Location: https://docs.unsiloed.ai/llms.txt → https://docs.unsiloed.ai/tooling/tests/fixtures/sample_spec.json

Problem: The ## OpenAPI Specs section in llms.txt advertises four specs to AI agents. One of them, sample_spec, resolves to a publicly-served fixture file whose contents are a generic "title": "Sample API" placeholder with a single POST /sample operation and a name/verbose body — i.e., nothing to do with Unsiloed's parse/extract/classify/split surfaces.

Consequence: An AI agent crawling llms.txt to discover the API will treat this file as one of four authoritative OpenAPI documents and may try to call POST /sample with {name, verbose} against prod.visionapi.unsiloed.ai. At best it wastes an agent step; at worst it pollutes generated client code. It also leaks an internal test-fixtures path (/tooling/tests/fixtures/) into a public index.

The fix: Remove the sample_spec line from llms.txt, unpublish the fixture from the docs site (it shouldn't be reachable at docs.unsiloed.ai at all), and leave only openapi, openapi-v1, openapi-v2 as the listed specs. Add a v3 OpenAPI spec entry too.
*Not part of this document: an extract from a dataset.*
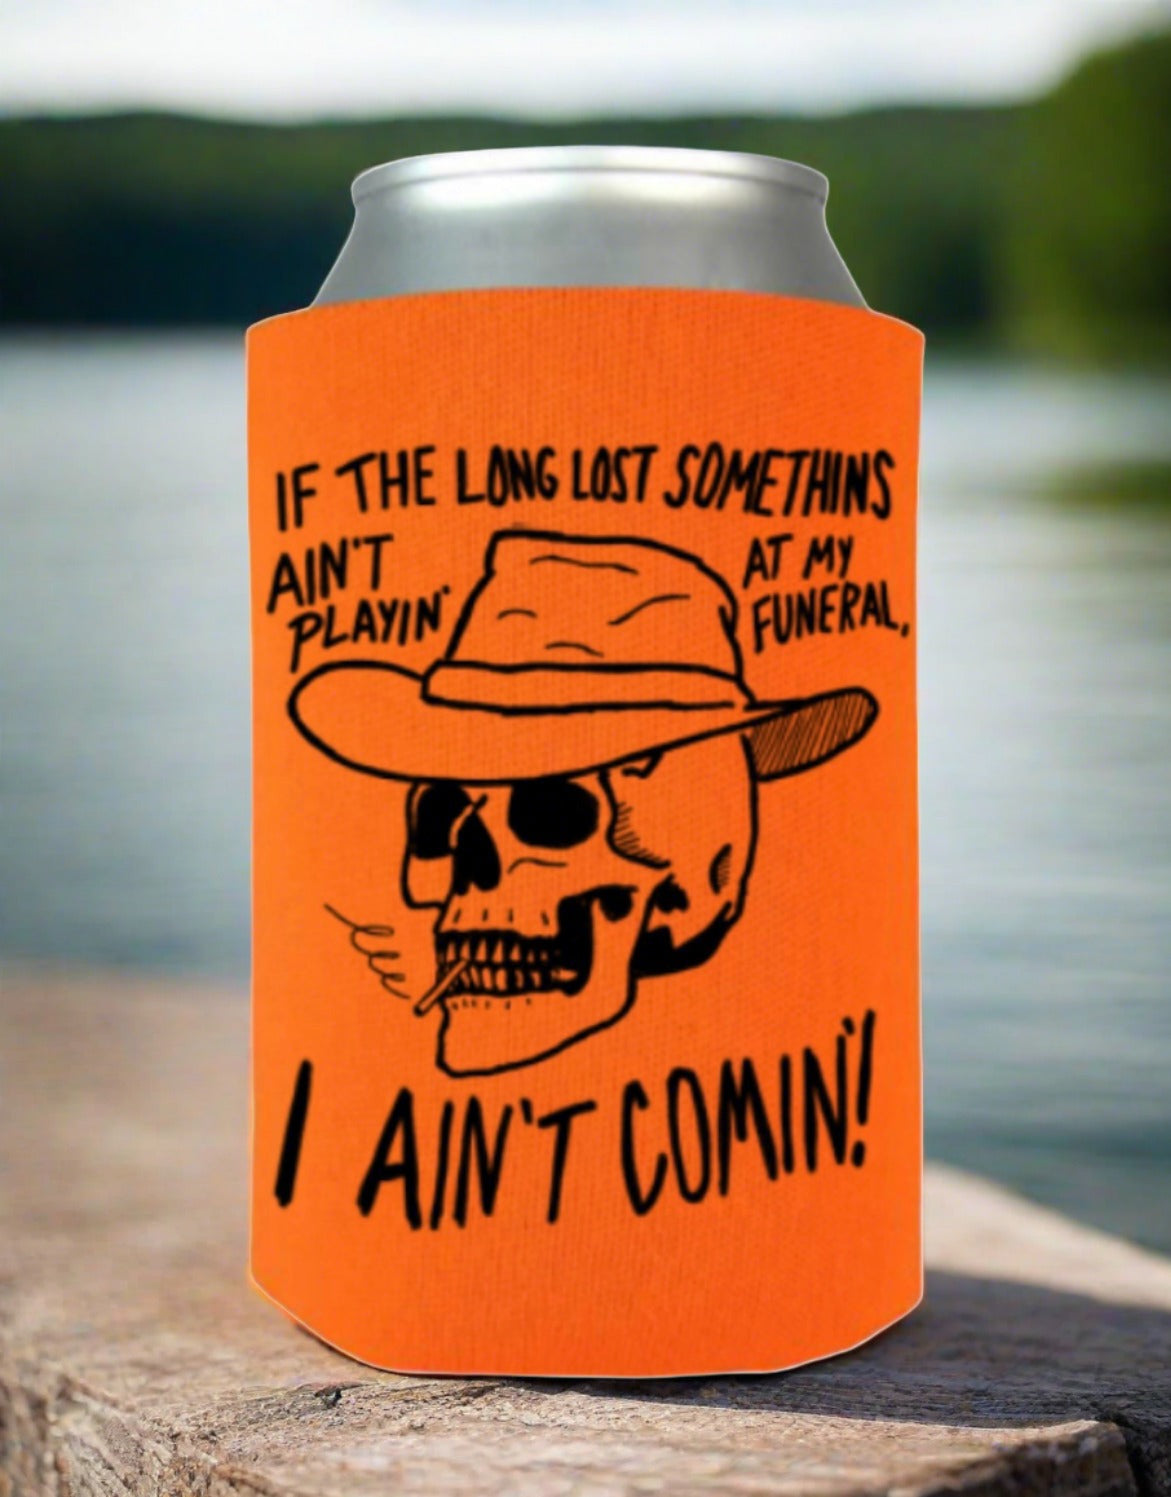 The Long Lost Somethins "If" Koozie - PREORDER

2. Three parse endpoints use three different auth headers and status vocabularies (critical)

Location: /api-reference/parser/parse-document.md, /api-reference/parser/parse-document-v2.md, /api-reference/parser/parse-document-v3.md, /api-reference/parser/get-parse-job-status.md

Problem: The docs document three parallel parse APIs that disagree on the two most fundamental things in a REST contract:

Auth header: v1/v2 (and the homepage quickstart) require api-key: your-api-key. v3 explicitly requires X-API-Key and states "v3 API keys are issued on request — they are separate from v1/v2 keys."
Status enum: get-parse-job-status.md enumerates Starting, Processing, Succeeded, Failed, Cancelled (PascalCase). v2's note adds AwaitingUpload and Queued to the lifecycle. v3 documents "queued" → "running" → "done" or "failed" (lowercase, different verbs entirely). Classification status uses yet another set: "processing", "completed", "failed". Jobs results uses "COMPLETED" (uppercase).

Consequence: A developer or agent that polls with if result["status"] == "Succeeded" (the exact pattern shown on the homepage) will loop forever against v3, which never emits Succeeded — it emits done. The same agent will get 401/403 if it carries an api-key header to v3 instead of X-API-Key. There's no cross-version compatibility note anywhere.

The fix: Add a "Versions and migration" page at /api-reference/parser/ that tabulates header, status enum, retention, rate limits, and base path for v1/v2/v3 side by side. Standardize status casing across the product, or at minimum mark each status enum with the version it applies to. Make v3's separate-key requirement a banner on the v3 page, not buried in a Note.

3. `ocr_engine` default flips between v1 and v2 with no migration note (critical)

Location: /api-reference/parser/parse-document.md vs /api-reference/parser/parse-document-v2.md

Problem: Same parameter, opposite defaults:

v1: "UnsiloedBeta" (default): Handles rotated/warped text and irregular bounding boxes.
v2: "UnsiloedHawk" (Recommended, default): Higher accuracy for complex layouts and mixed content.

The descriptions of each engine are also rewritten between versions with no changelog entry explaining why.

Consequence: A developer who has tuned a v1 pipeline around UnsiloedBeta's rotated-text behavior and migrates to v2 without re-reading parameter docs will silently get different OCR output, then chase the regression. Agents synthesizing requests from one page won't know to override the default on the other.

The fix: Either standardize the default across v1 and v2, or add an explicit "Changed in v2: default OCR engine is now UnsiloedHawk (was UnsiloedBeta)" note at the top of parse-document-v2.md and a corresponding migration page.

4. Generic "jobs/results" page documents extraction-only behavior as if universal (significant)

Location: /api-reference/jobs/results.md

Problem: The page is titled "Get Extraction Result" in llms.txt but lives under /api-reference/jobs/results and is written in generic language: "The Get Job Results endpoint retrieves the processed data from a completed job... after confirming the job status is COMPLETED." Nothing on the page reconciles "COMPLETED" with the v1/v2 Succeeded enum, the v3 done enum, or the classification completed enum.

Consequence: A developer landing on /api-reference/jobs/results (the URL implies a unified job-results endpoint) will assume it works for any job type and gate their polling on status == "COMPLETED", which matches none of the actual job-status responses documented for parse, classify, or v3.

The fix: Rename the route to /api-reference/extraction/results to match its actual scope, fix the status value to match what the extraction endpoint actually returns, and link to per-product result endpoints for parse/classify/split rather than implying a unified one.

5. `llms.txt` has an empty-titled entry pointing at the home page (significant)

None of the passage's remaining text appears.